Differential gene expression analysis and GSEA according to risk group.
(A–B). Volcano map (A) and heatmap of expression values (B) of differentially expressed genes analysis in high-risk and low-risk groups in the combined Gene Expression Omnibus (GEO) datasets. (C). Mountain plot presentation of four biological functions from gene set enrichment analysis (GSEA) of pediatric asthma (PA) specimens from integrated GEO datasets (combined datasets). (D–G). GSEA results indicated that PA specimens were significantly enriched in Reactome TP53 Regulates Transcription of Caspase Activators and Caspases (D), Plasari TGF-β Targets 10hr DN (E), Rutella Response to Hgf Vs Csf2rb and IL4 Up (F), and Wp Notch Signaling Pathway (G). Pink denotes the low-risk group, whereas purple denotes the high-risk group. In the mountain map, the color represents the adjusted p-value (adj.p-value): darker red indicates a smaller adj.p-value, and darker blue indicates a larger adj.p-value. In the bubble plot, the bubble size represents the gene set size, and the bubble color indicates the adj.p-value, with darker red shades corresponding to smaller values and darker blue shades corresponding to larger values. Red in the heatmap denotes high expression, whereas blue denotes low expression. Gene set enrichment analysis (GSEA) screening criteria were adj.p-value <0.05 and FDR value (q-value) <0.25, along with Benjamini-Hochberg (BH) as the p-value correction method.
Table 4.
Results of GSEA for Risk Group.
Fig 10.
Regulatory network of model genes.
(A). mRNA-TF regulatory network of model genes. (B). mRNA-miRNA regulatory network of model genes. Green denotes mRNA, blue denotes TF, and yellow denotes miRNA. TF: Transcription factor.
Fig 11.
Combined dataset immune infiltration analysis by the CIBERSORT algorithm.
(A–B). The proportion of immune cells in integrated Gene Expression Omnibus (GEO) datasets (combined datasets) is shown as a bar graph (A) and group comparison graph (B). (C). Correlation heatmap illustrating relationships among immune cells in integrated GEO datasets (combined datasets). (D). Correlation bubble plots showing the association between immune cell infiltration abundance and model genes in combined GEO datasets. ns indicates no statistical significance (p ≥ 0.05); *p < 0.05; **p < 0.01; ***p < 0.001. An absolute correlation coefficient (r-value) of <0.3 indicated weak or no correlation, 0.3–0.5 indicated weak correlation, 0.5–0.8 indicated moderate correlation, and >0.8 indicated strong correlation. Yellow represents the control group, and brown represents the PA group. Red denotes a positive correlation, whereas blue denotes a negative correlation. Color depth reflects correlation strength. PA: Pediatric asthma.
Fig 12.
Risk group immune infiltration analysis by the CIBERSORT algorithm.
(A). Comparison of immune cells in low- and high-risk PA groups. (B–C). Heatmap of the correlation between immune cells in the low-risk (B) and high-risk (C) groups of pediatric asthma (PA) specimens. (D–E). Bubble plot of the correlation between immune cell infiltration abundance and model genes in the low-risk (D) and high-risk (E) groups of PA specimens. An absolute correlation coefficient (r-value) of <0.3 indicated weak or no correlation, 0.3–0.5 indicated weak correlation, 0.5–0.8 indicated moderate correlation, and >0.8 indicated strong correlation. Pink indicates the low-risk group, whereas purple indicates the high-risk group. Red denotes a positive correlation, whereas blue denotes a negative correlation. Color depth reflects correlation strength.
Fig 13.
qRT-PCR validation of biomarkers in clinical samples.

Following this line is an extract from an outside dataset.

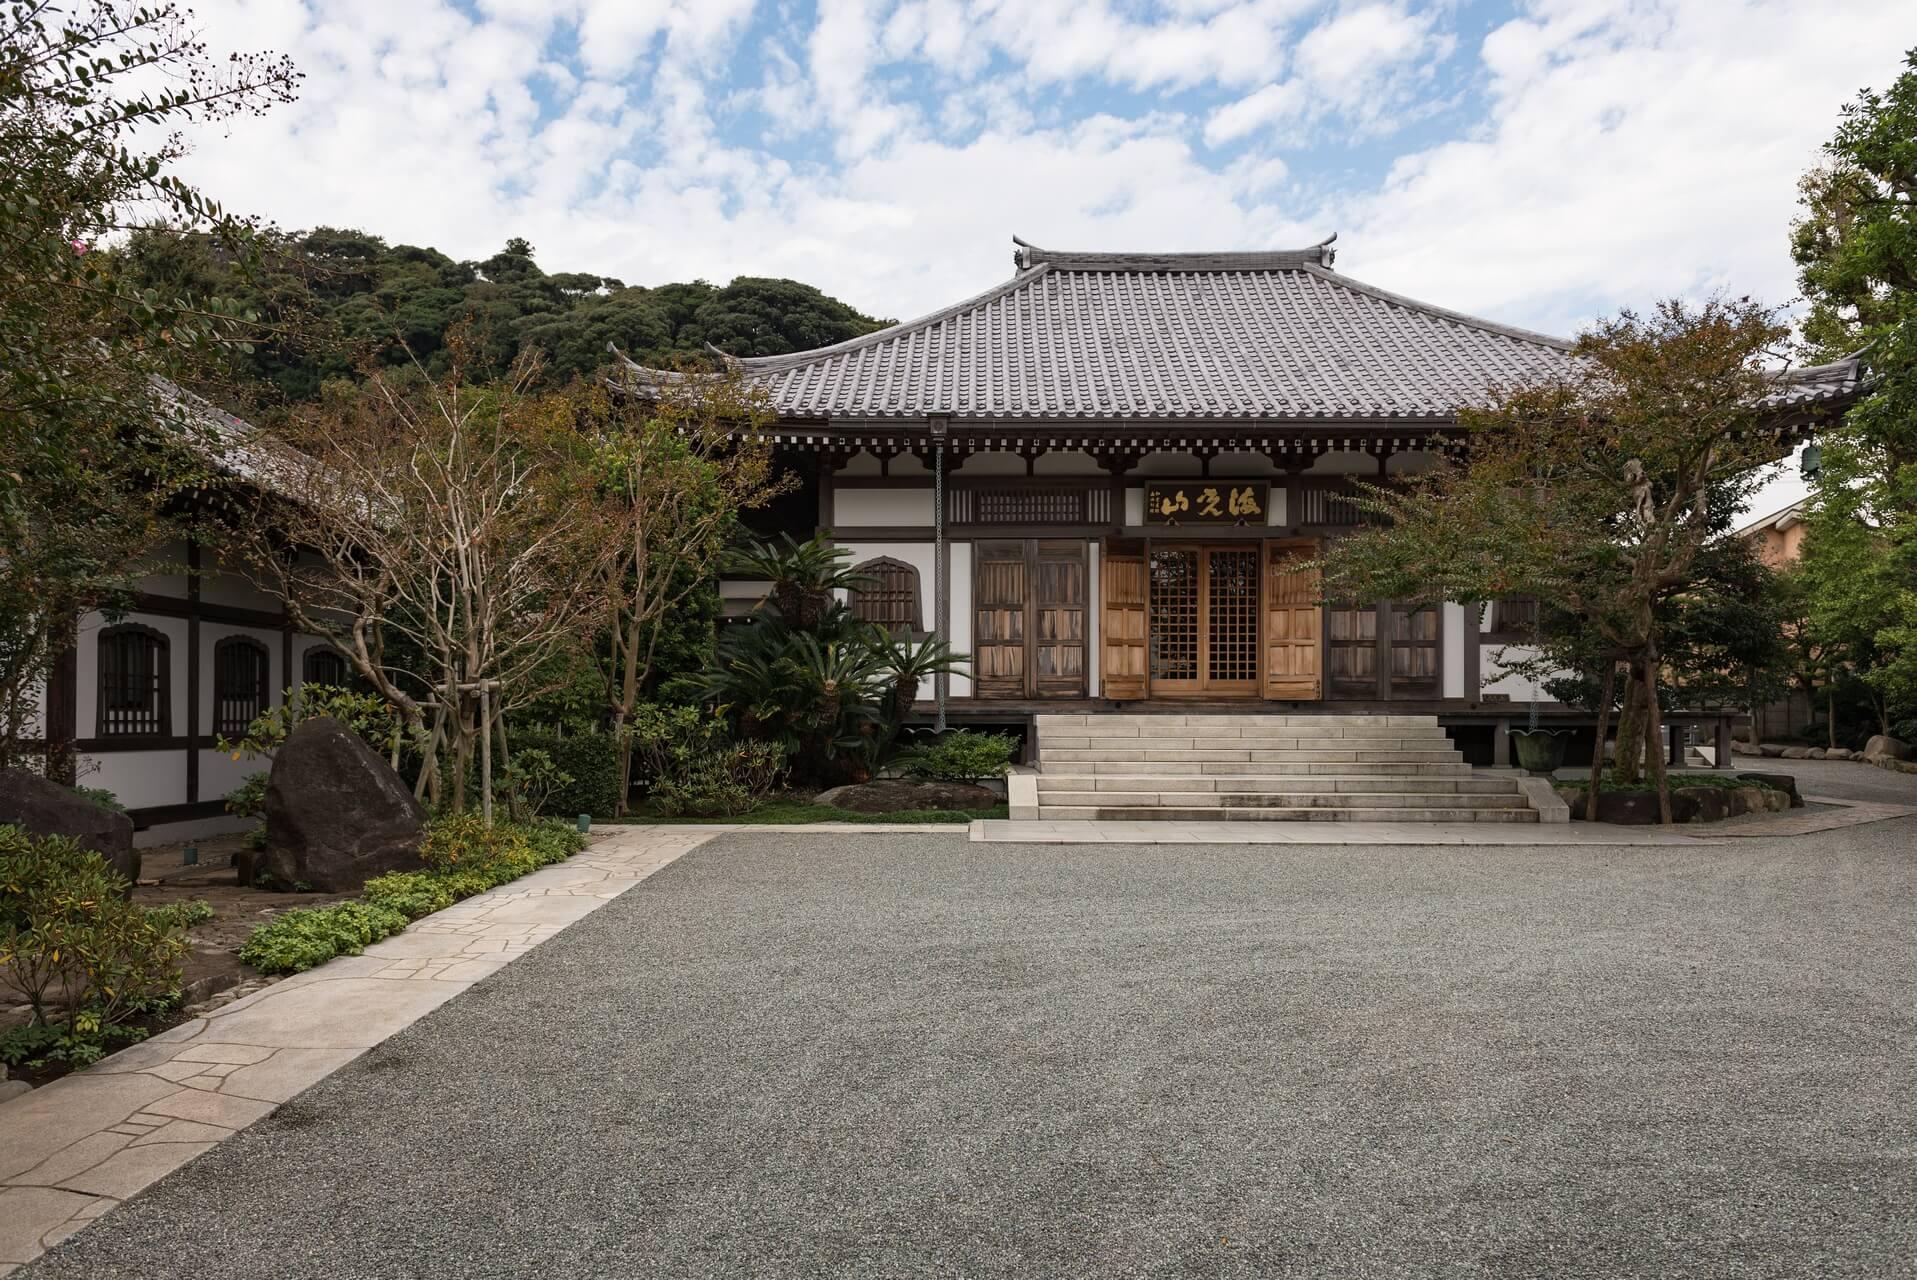 Japan Kamakura Tempel, Fotograf: Steffen Lohse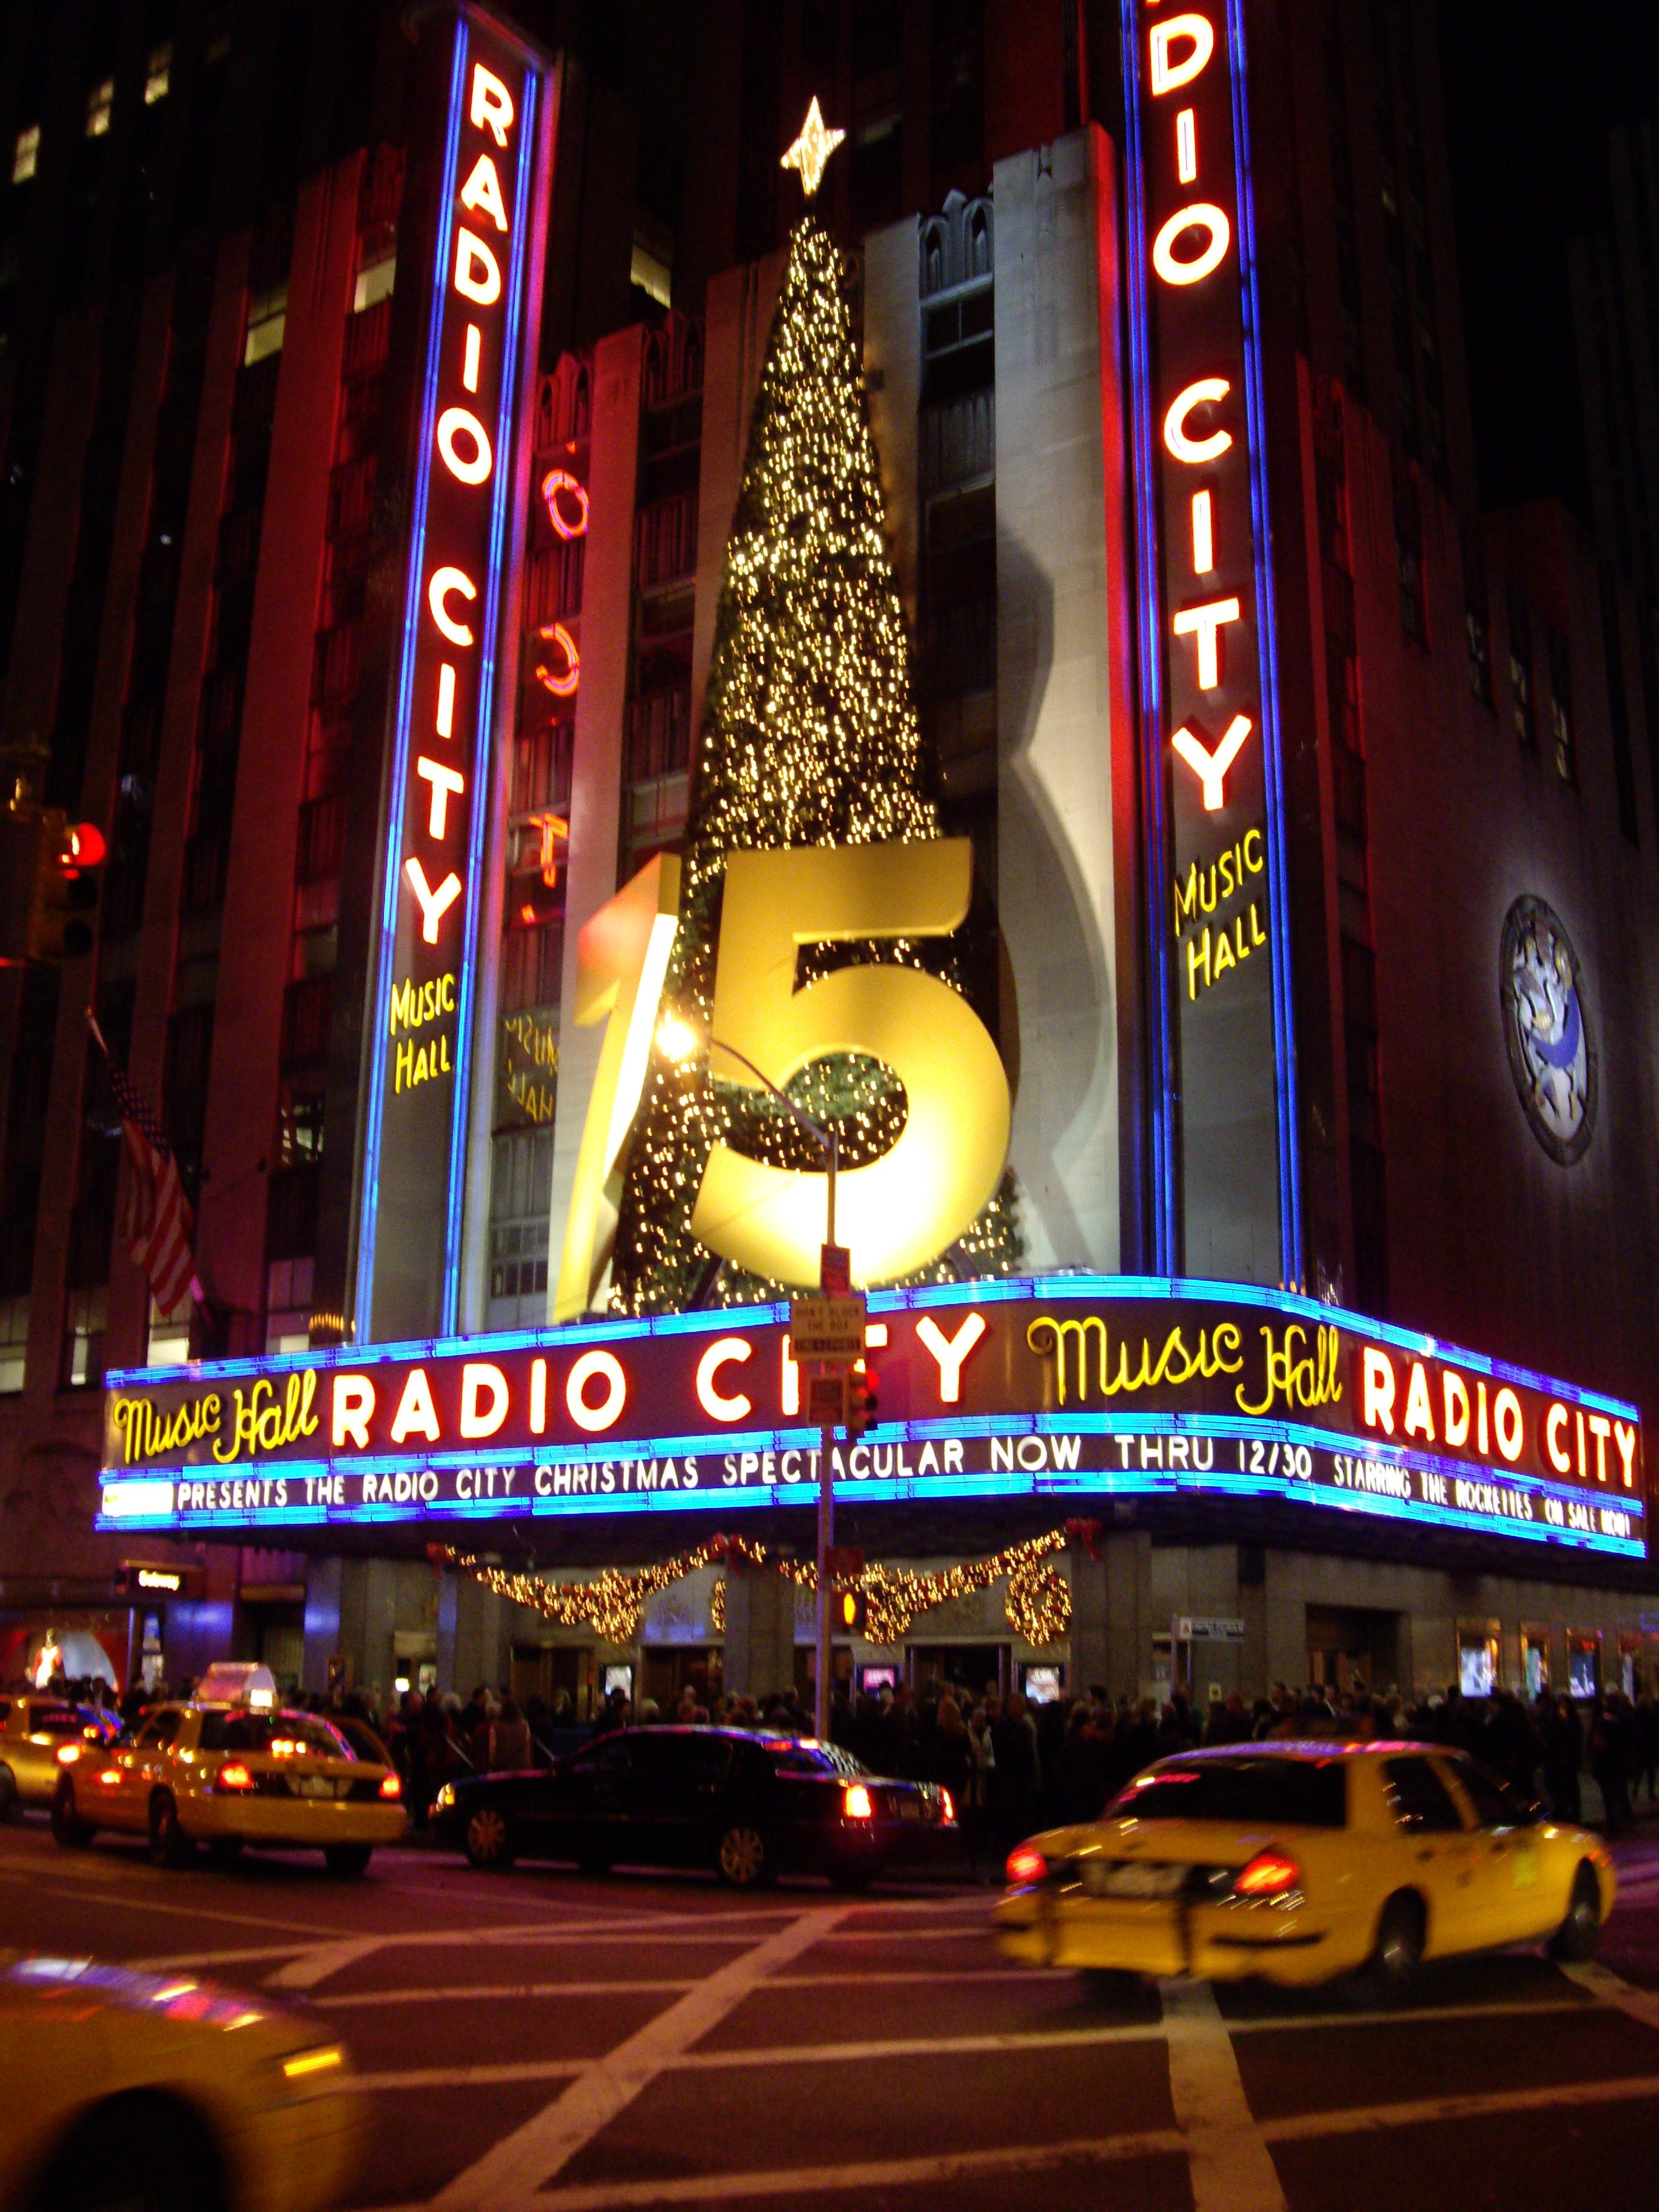 Description radio city music hall

(A-D) Relative mRNA expression levels of C19orf12, GDF15, XK and IREB2 were measured in peripheral blood samples obtained from patients with PA (n = 12) and Controls (n = 8). Data are presented as mean ± standard error of mean of relative quantification values calculated using the 2^ − ΔΔCt method with β-actin as the internal reference. Statistical significance was assessed by unpaired Student’s t-test. *p < 0.05, **p < 0.01, ***p < 0.001.